**Available data**.

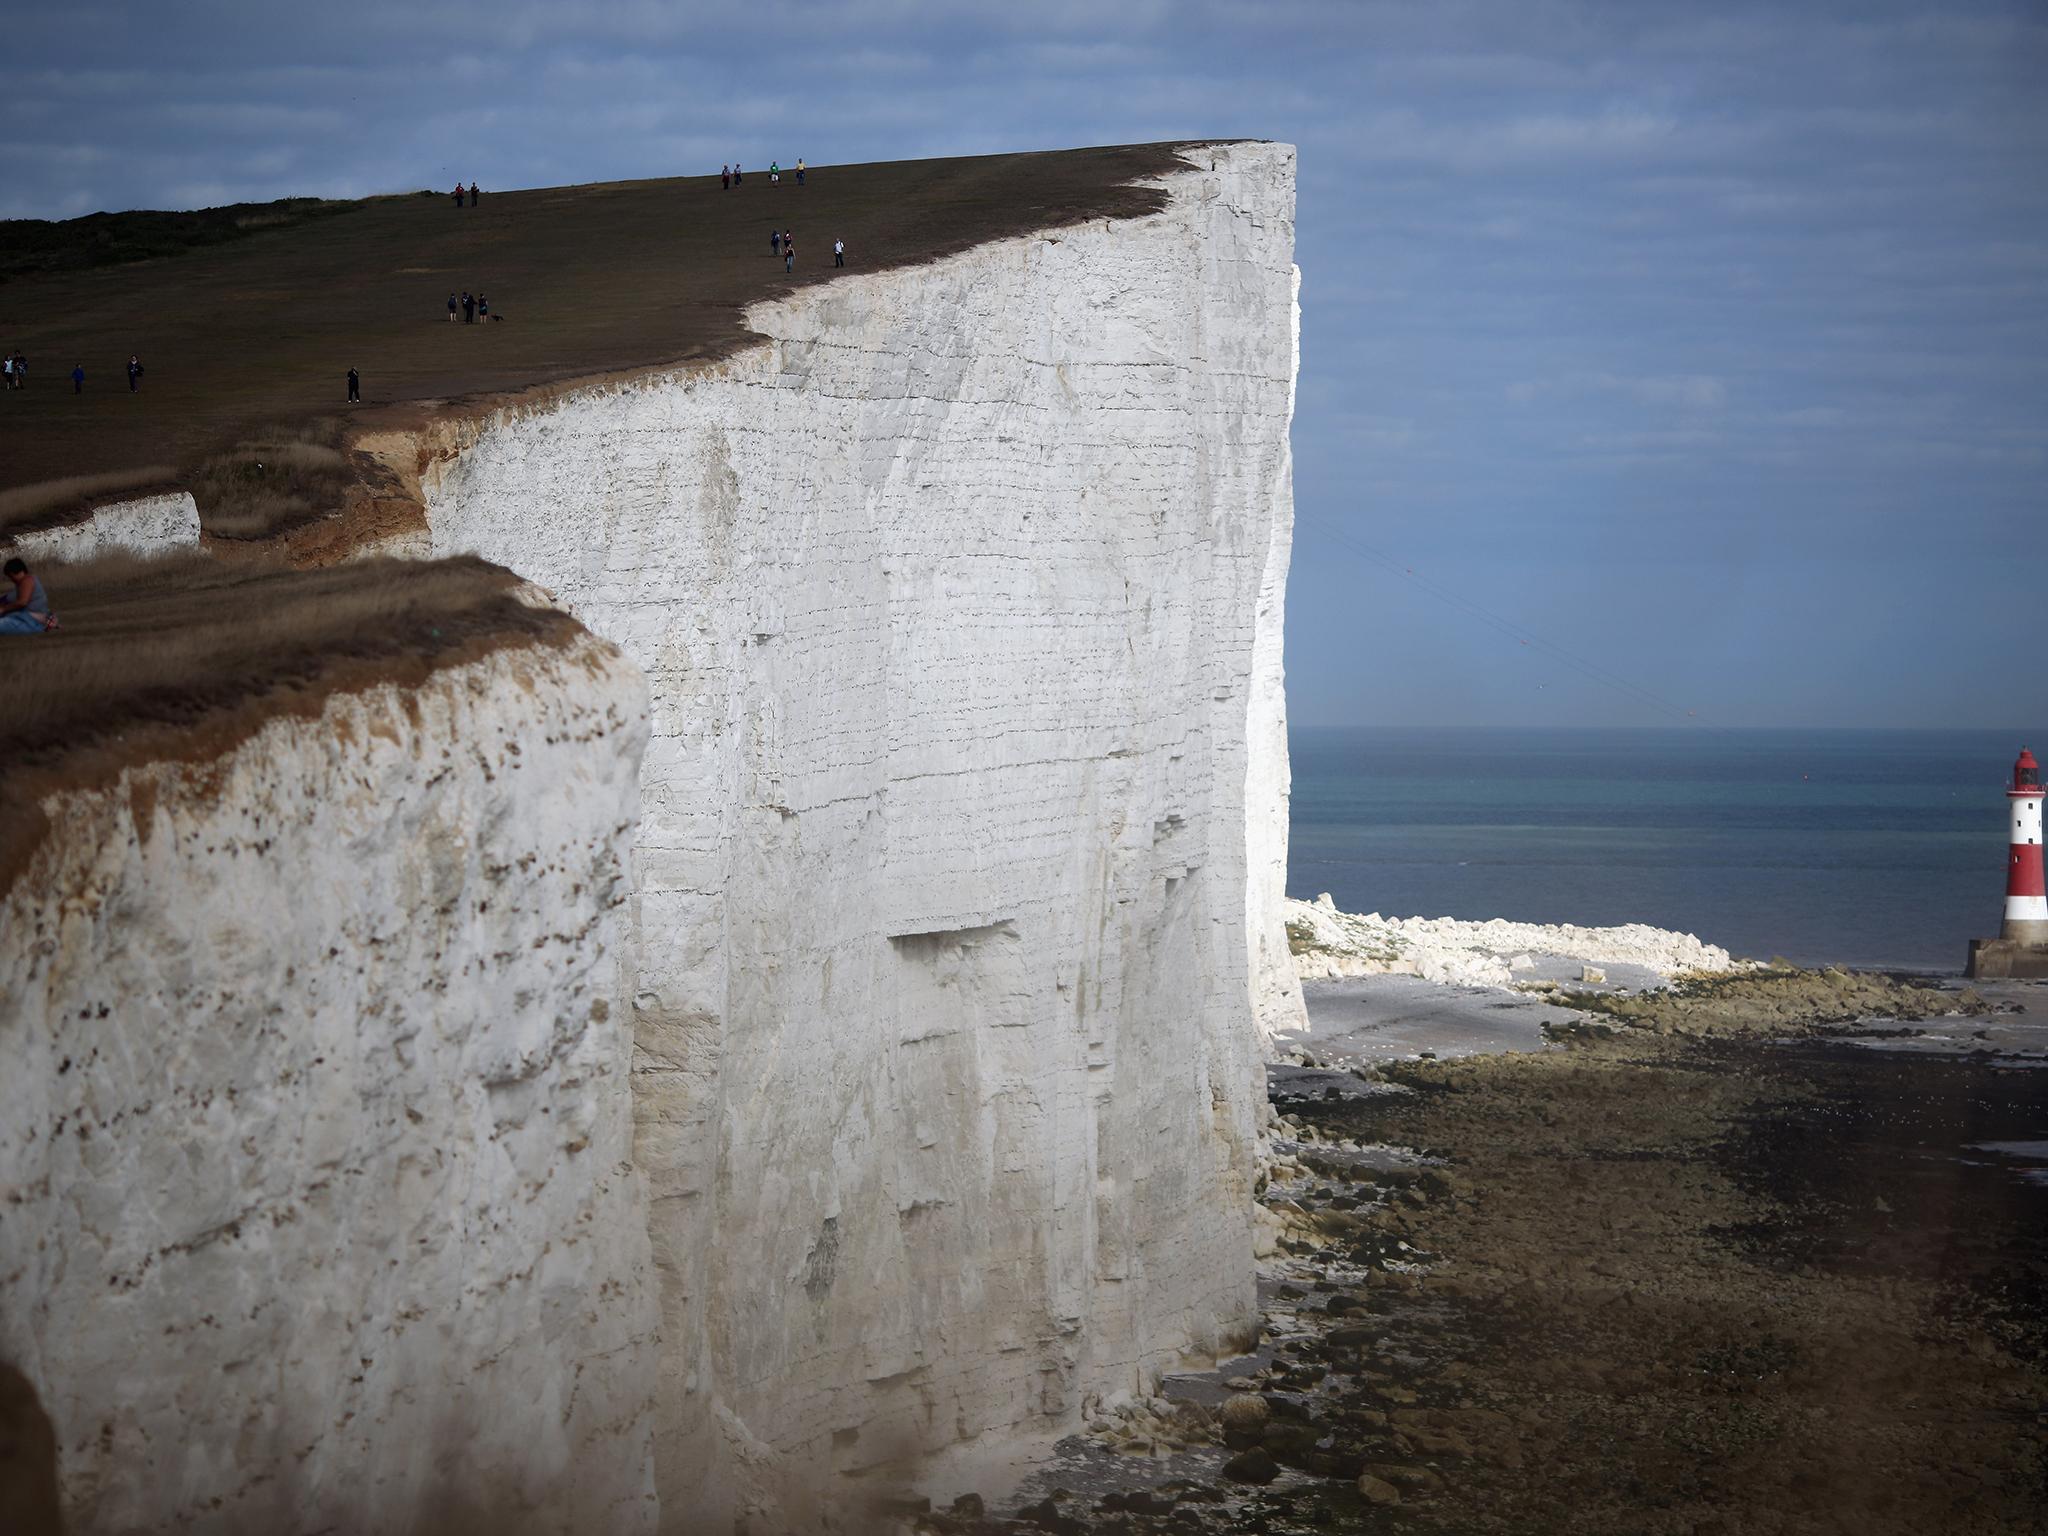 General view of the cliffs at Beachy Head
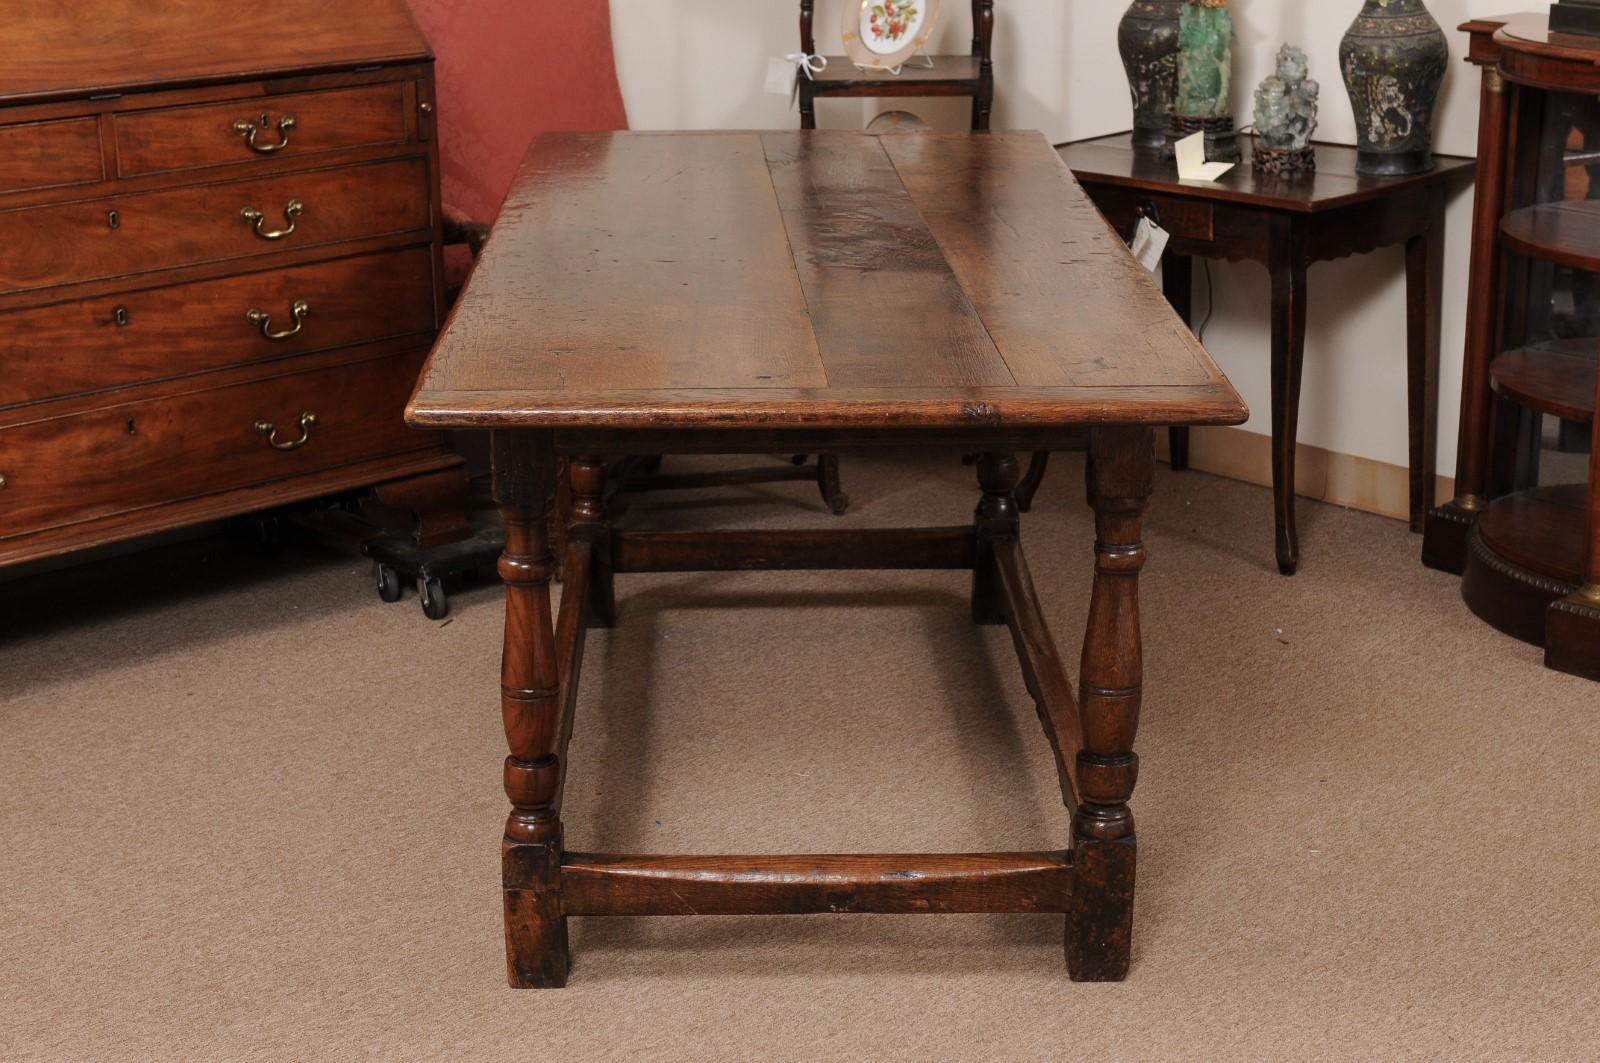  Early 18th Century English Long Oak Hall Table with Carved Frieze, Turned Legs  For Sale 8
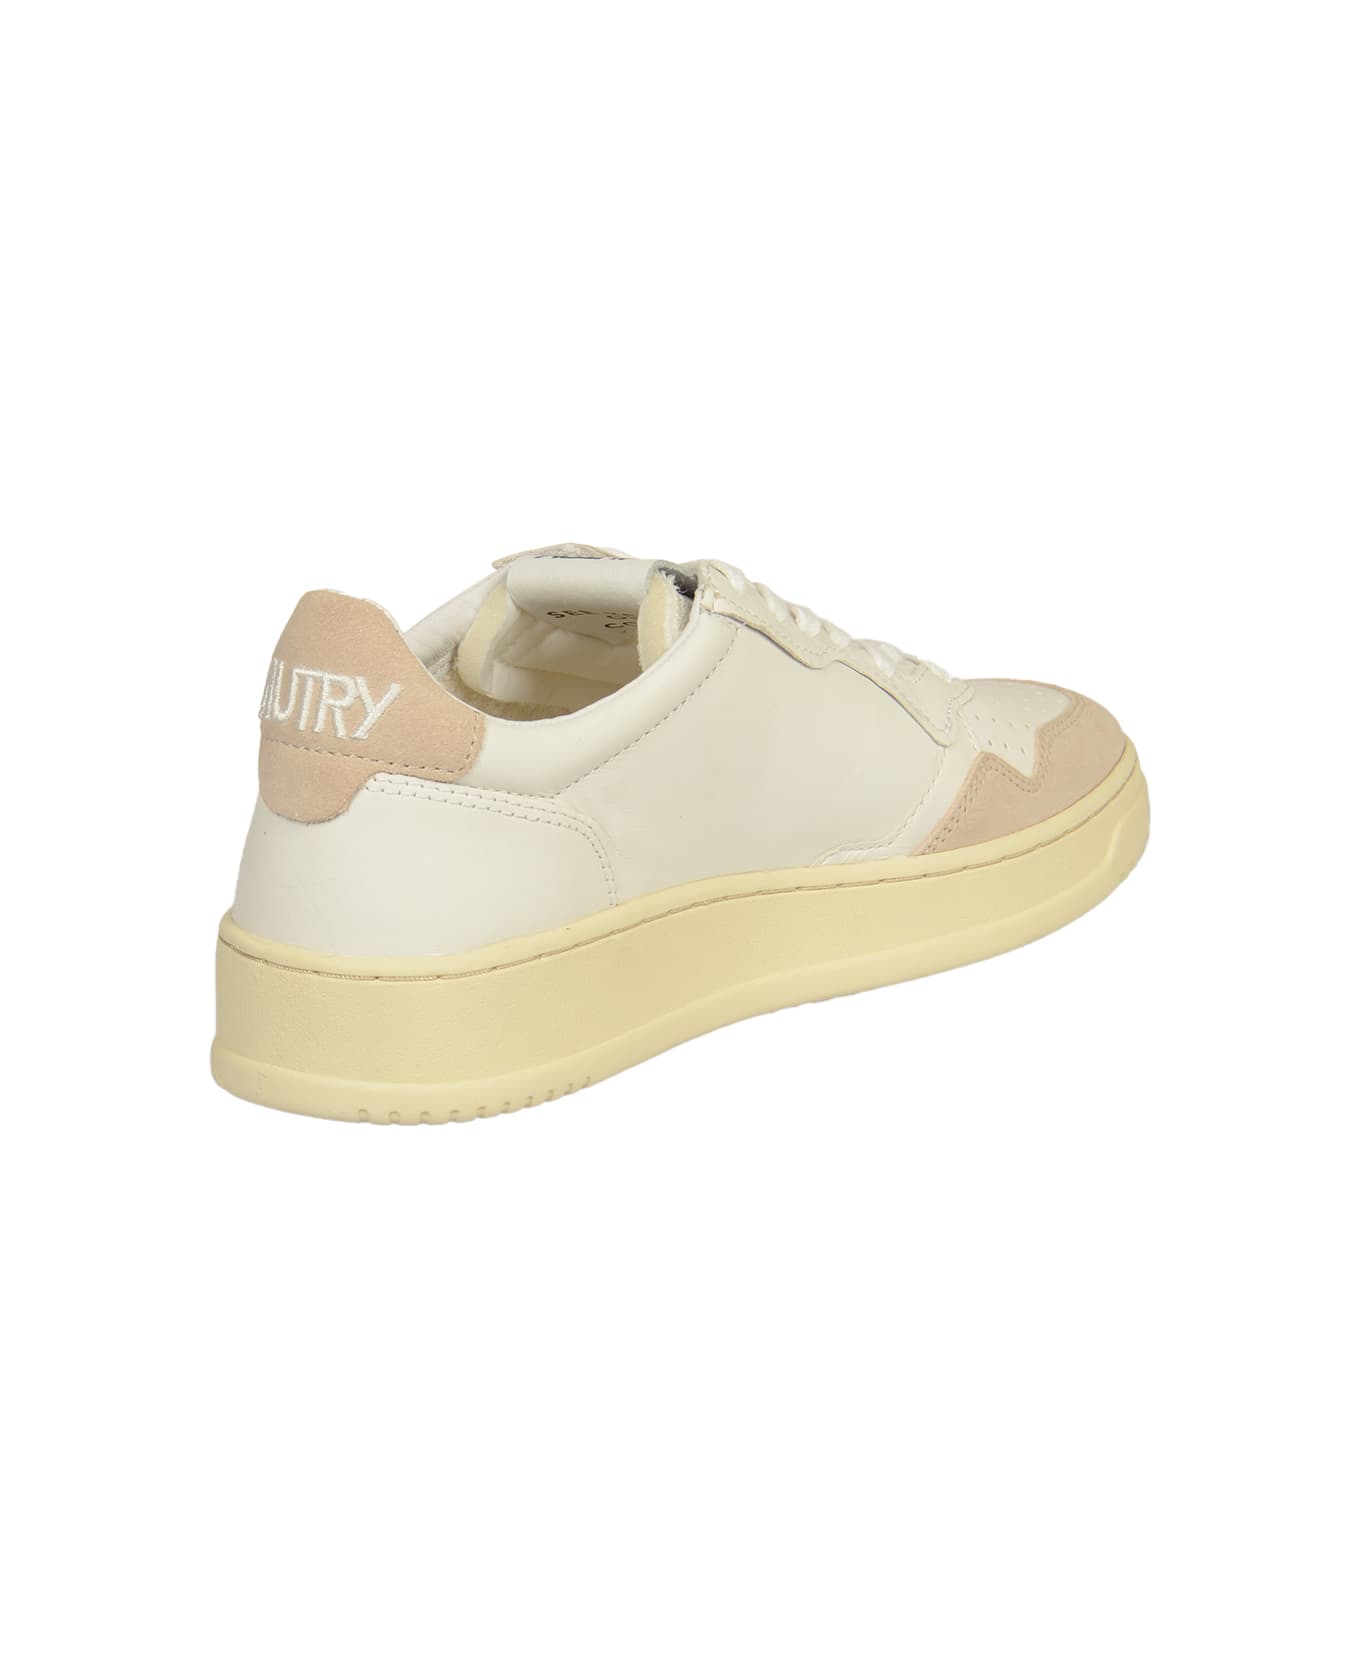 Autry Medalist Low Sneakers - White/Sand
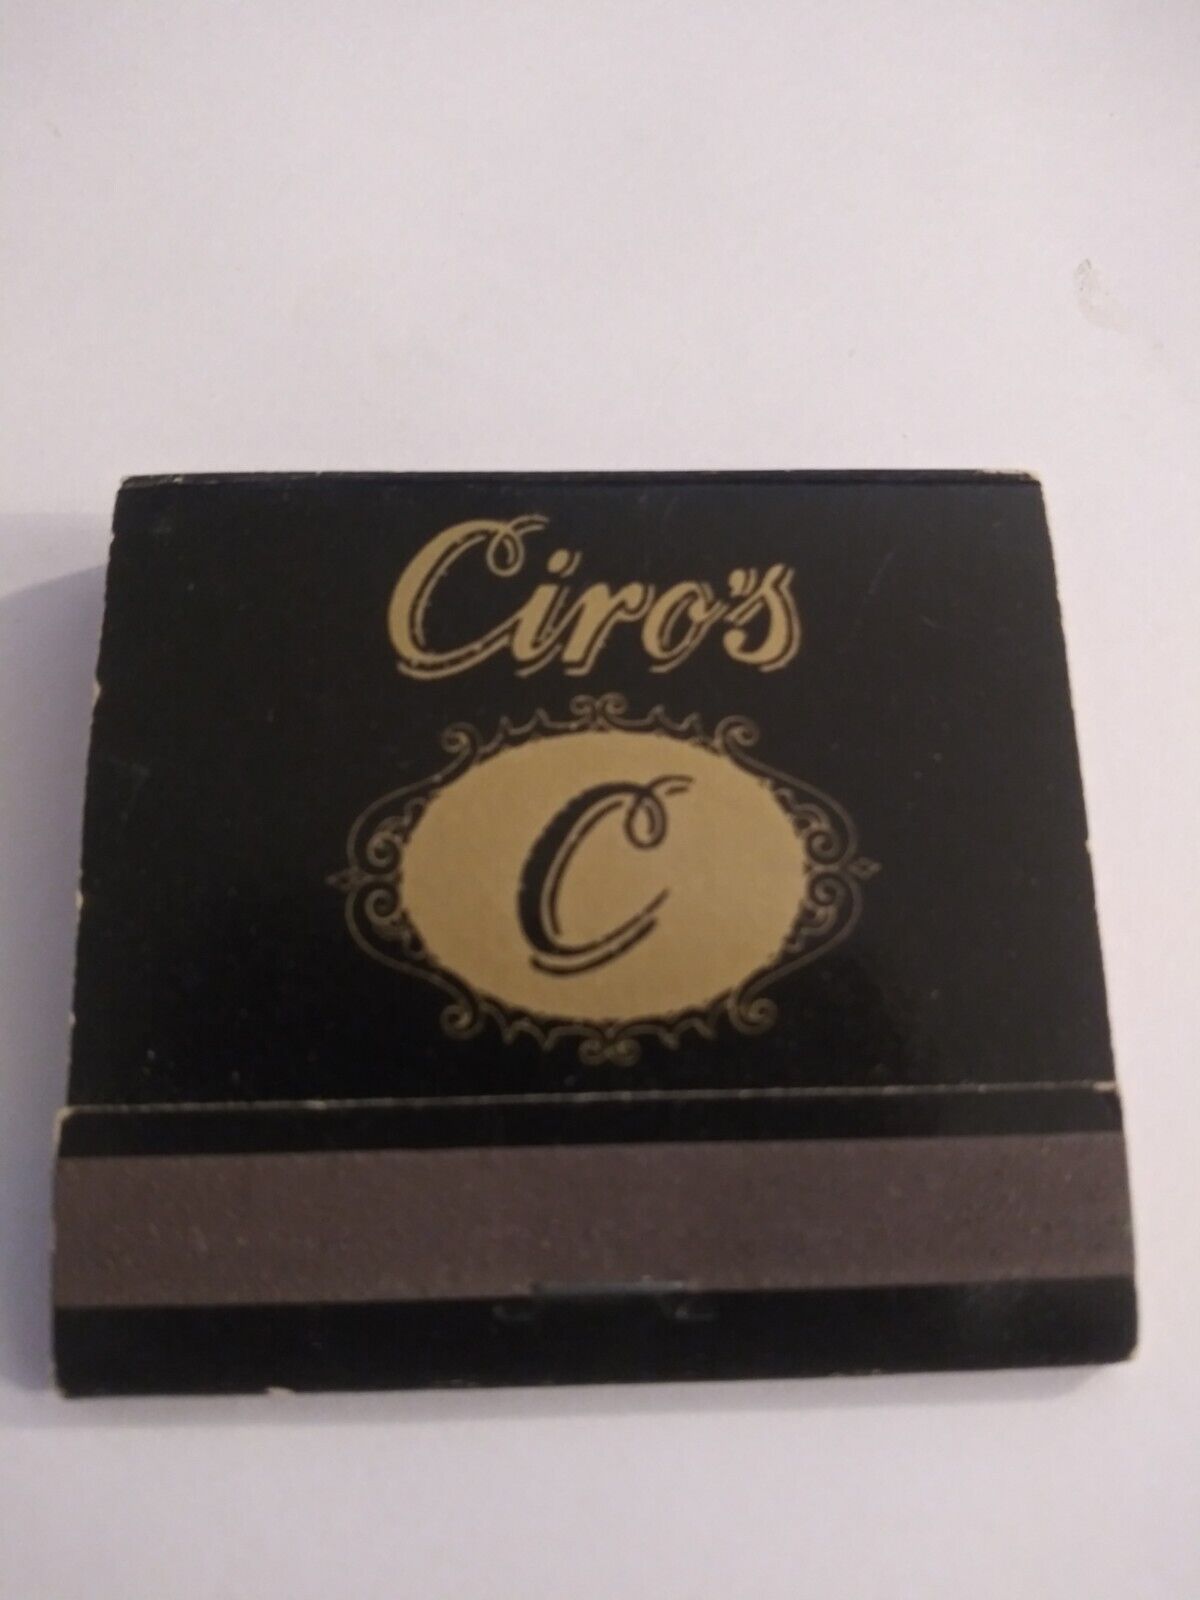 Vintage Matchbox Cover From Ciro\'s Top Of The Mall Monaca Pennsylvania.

**Exercise description**. Return the material in full, word for word, and skip the pictures.

**Your solution**.
 General view of the cliffs at Beachy Head
  Early 18th Century English Long Oak Hall Table with Carved Frieze, Turned Legs  For Sale 8
 Autry Medalist Low Sneakers - White/Sand
 Vintage Matchbox Cover From Ciro\'s Top Of The Mall Monaca Pennsylvania.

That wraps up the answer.